■ Data records:
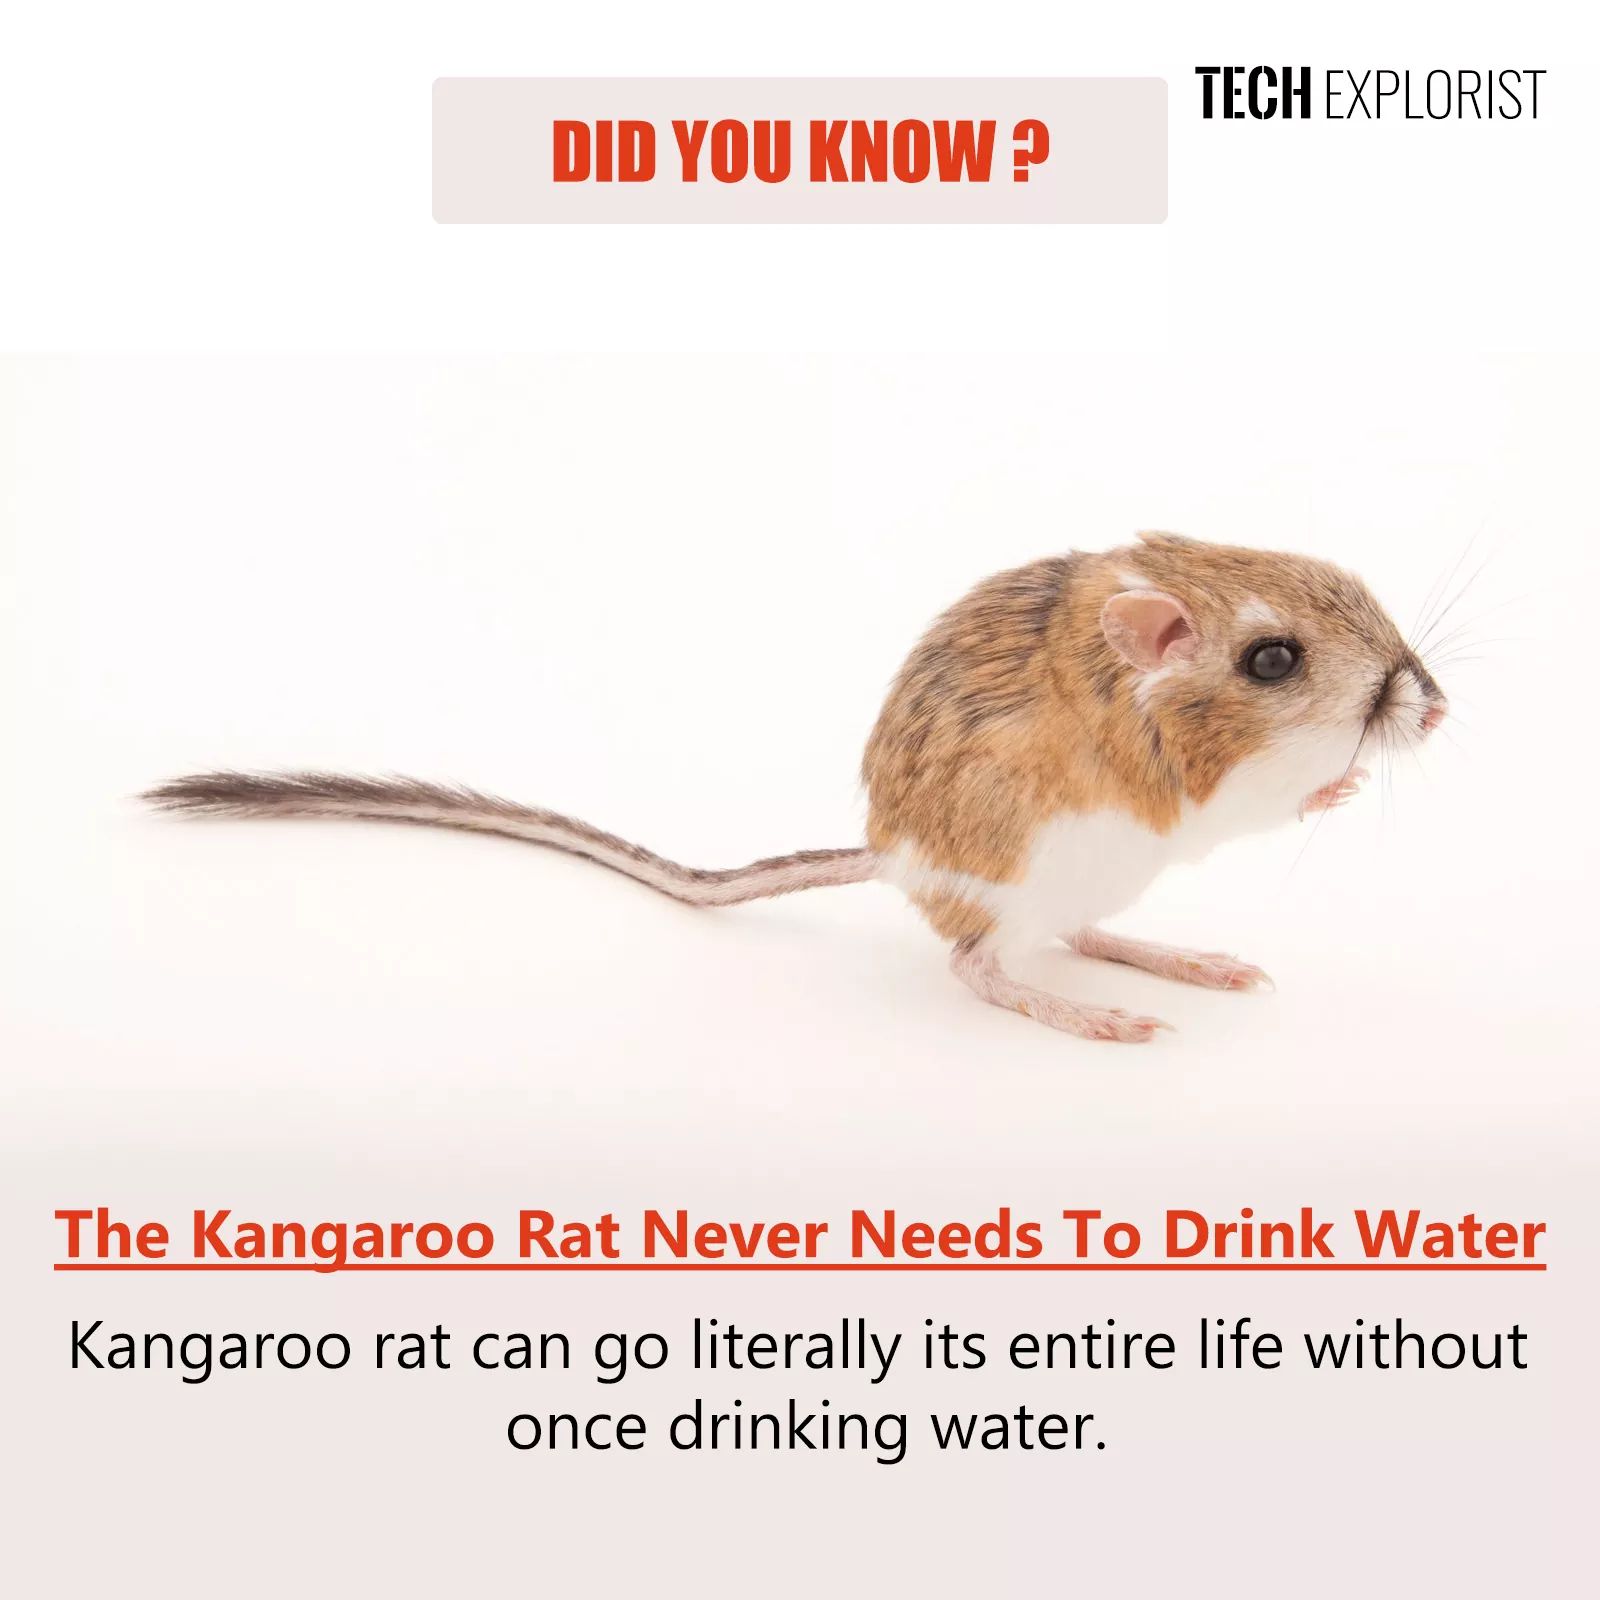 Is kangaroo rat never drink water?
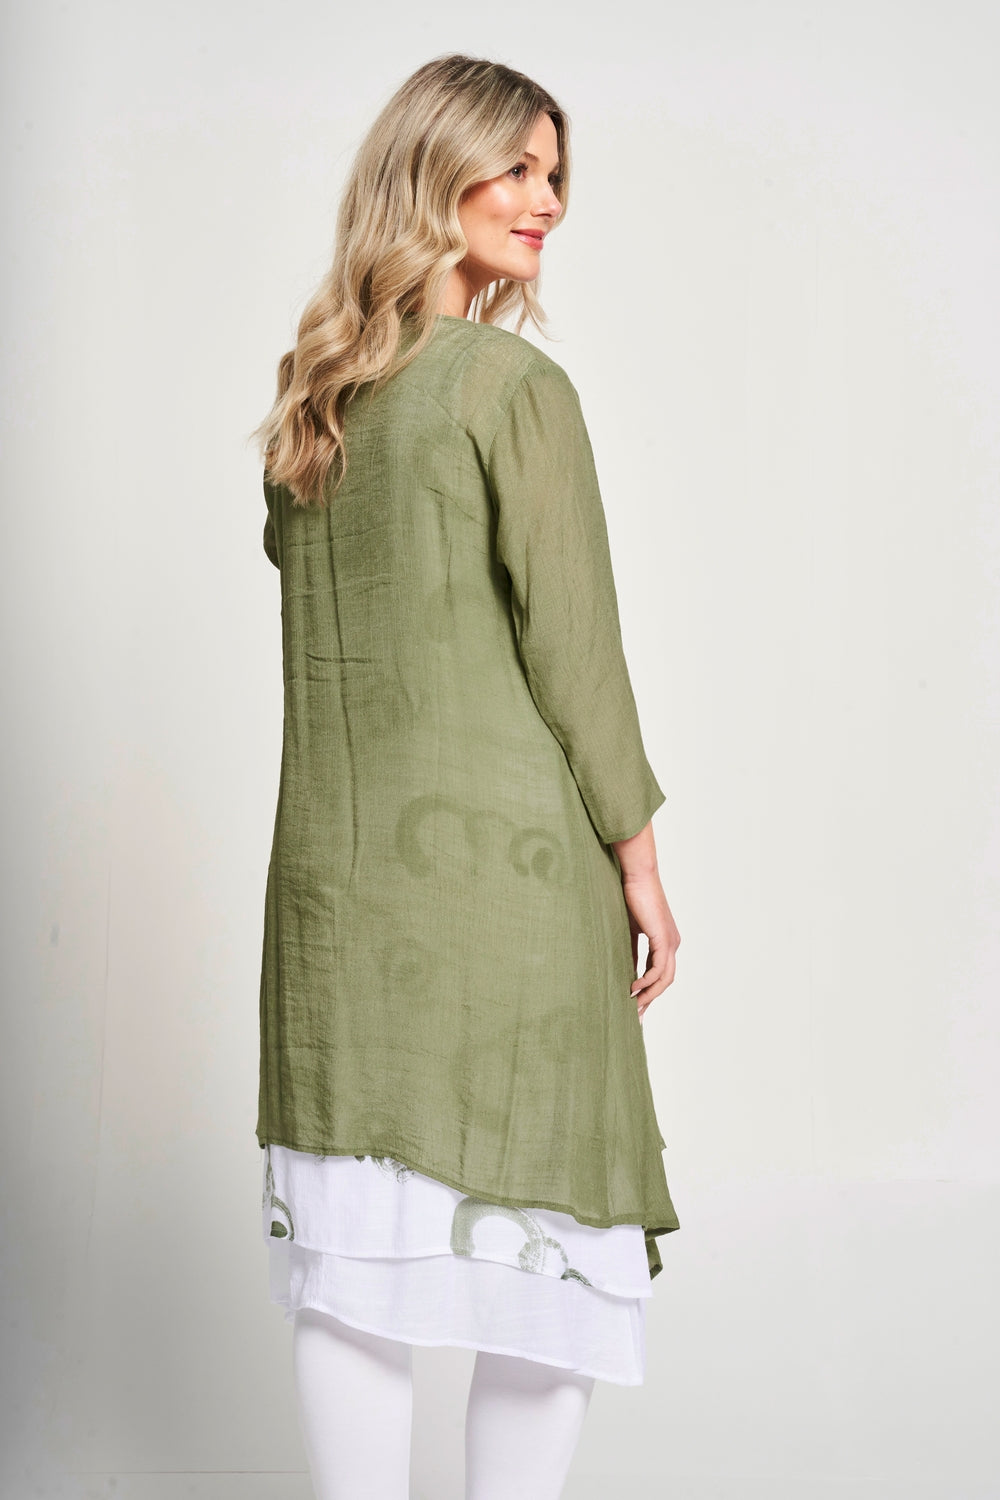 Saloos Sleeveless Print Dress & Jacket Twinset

...

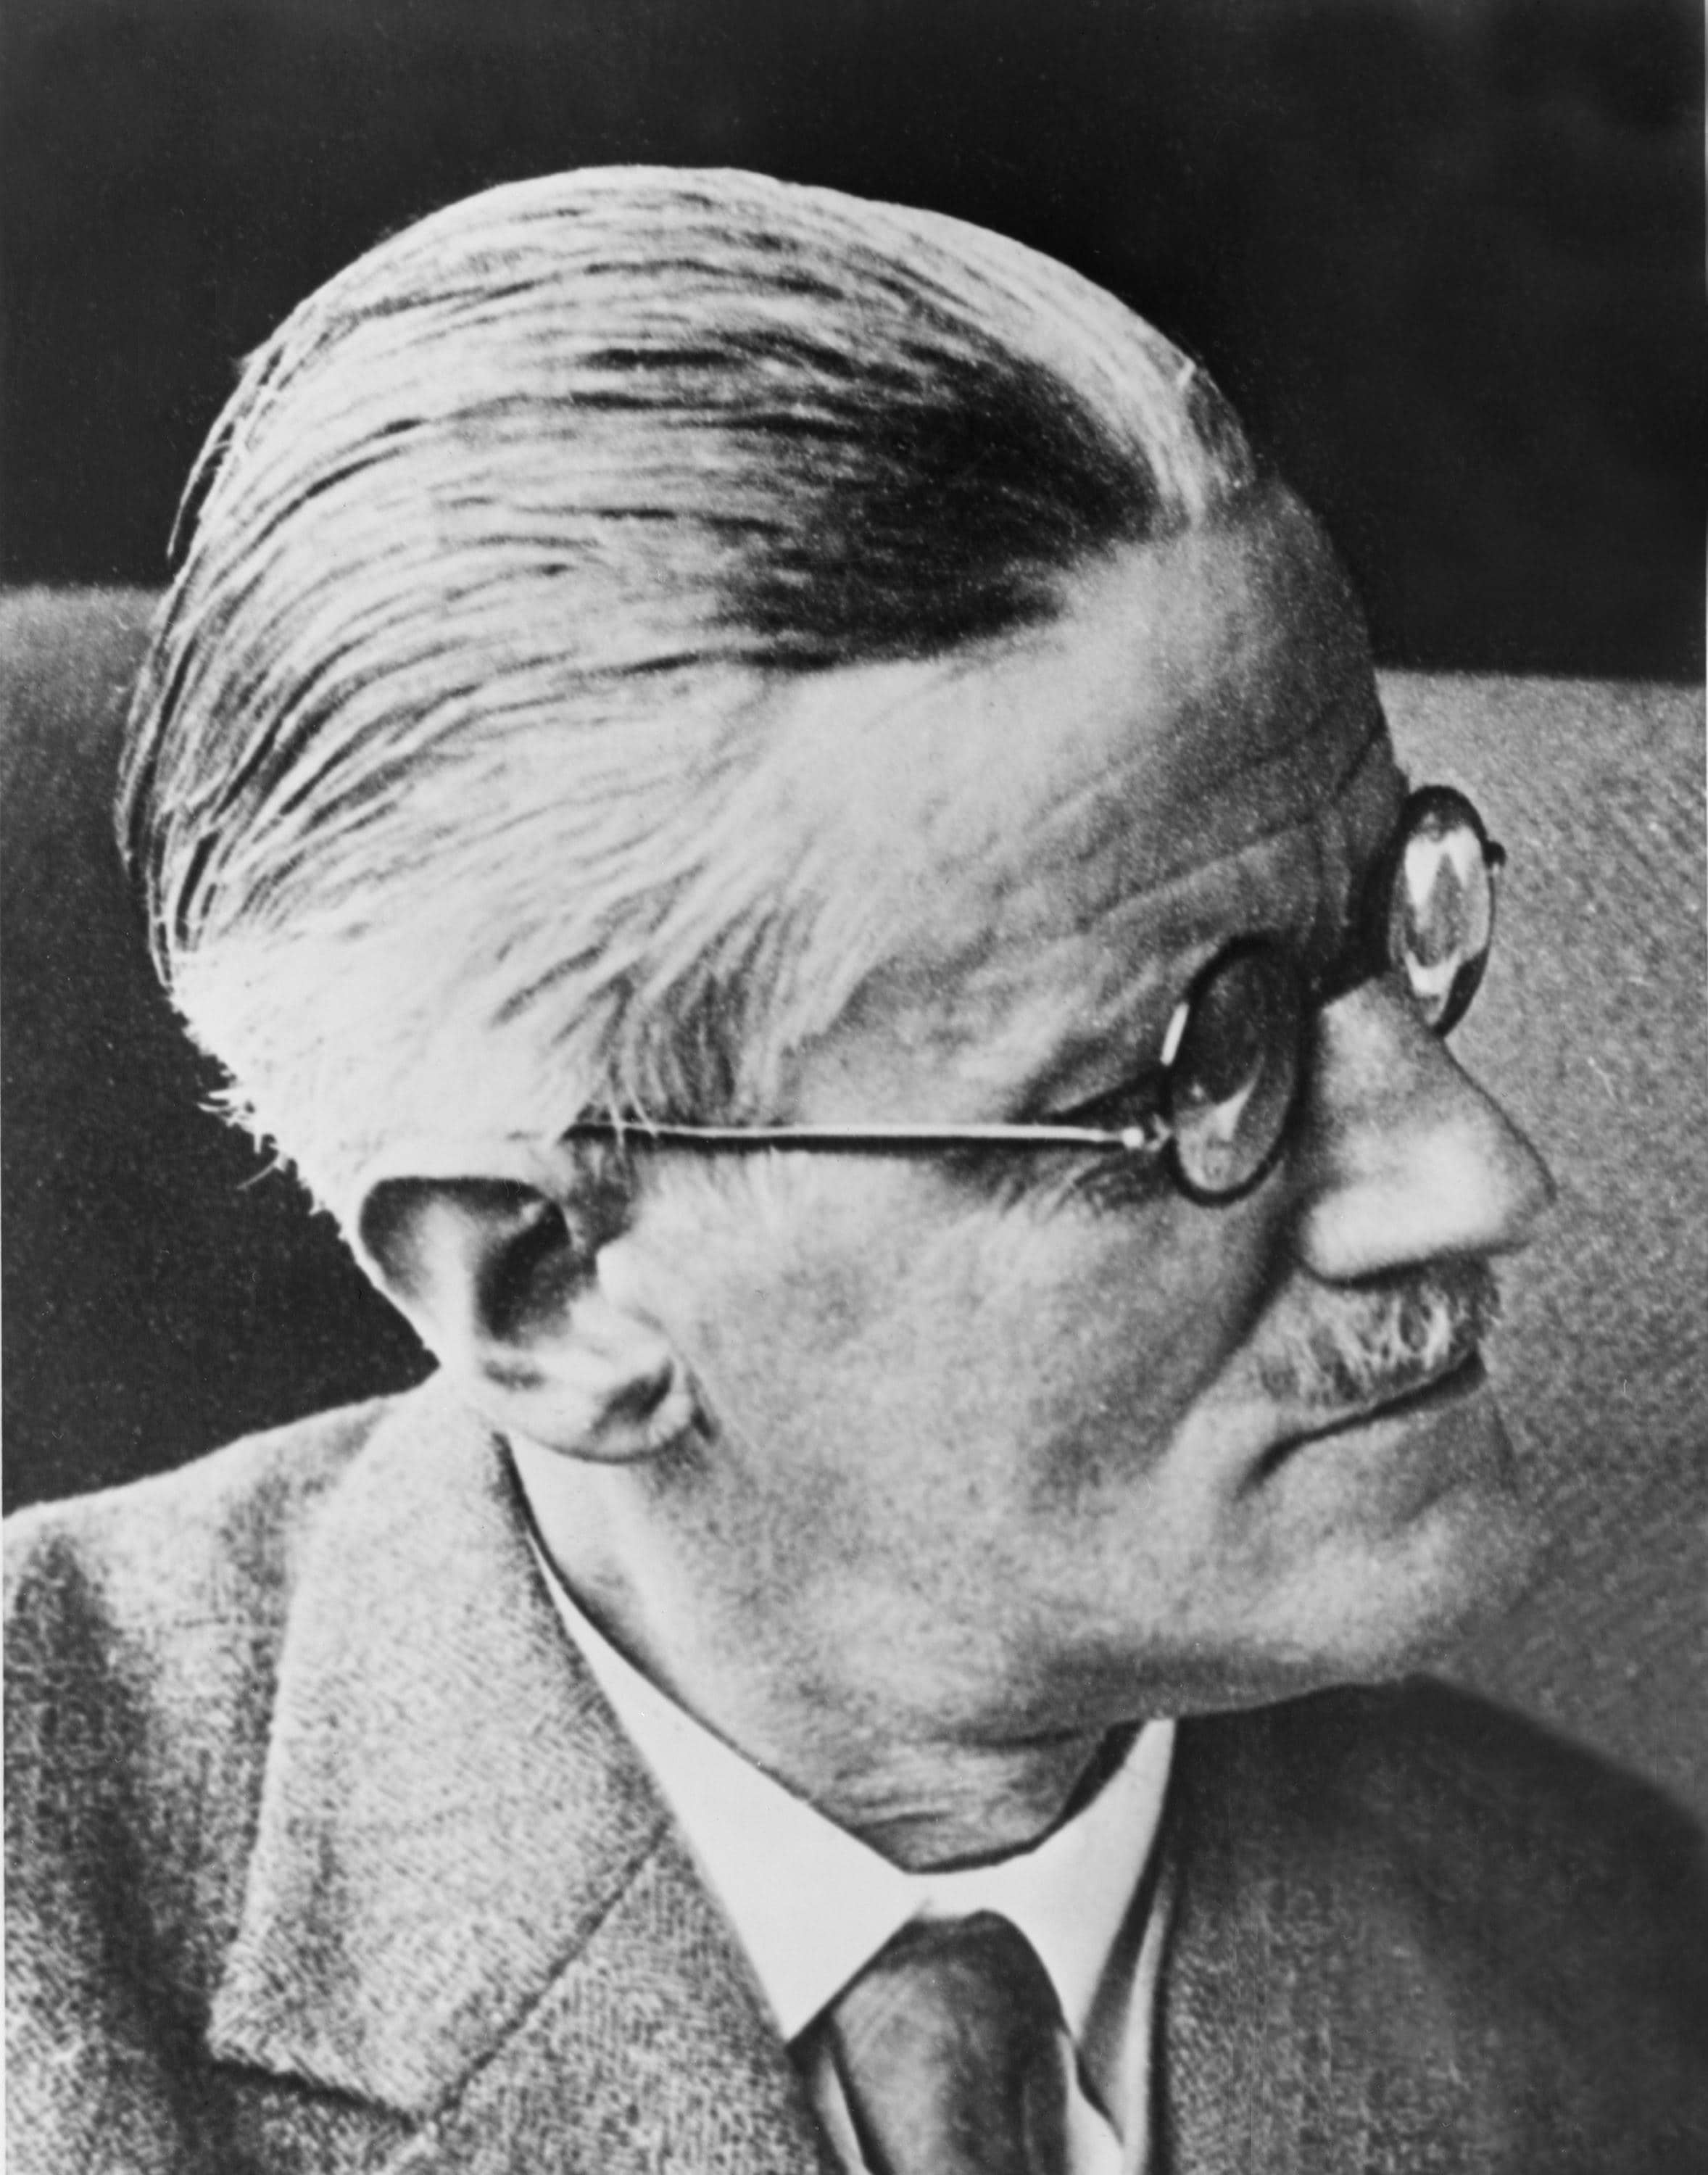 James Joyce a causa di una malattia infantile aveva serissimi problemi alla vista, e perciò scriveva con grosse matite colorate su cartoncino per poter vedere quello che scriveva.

■ Problem to work on:
The lines to reproduce run from the one above containing "Is kangaroo rat never drink water?" through the one containing "Saloos Sleeveless Print". Copy them exactly and leave out all pictures.

■ Task result:
 Is kangaroo rat never drink water?
 Saloos Sleeveless Print Dress & Jacket Twinset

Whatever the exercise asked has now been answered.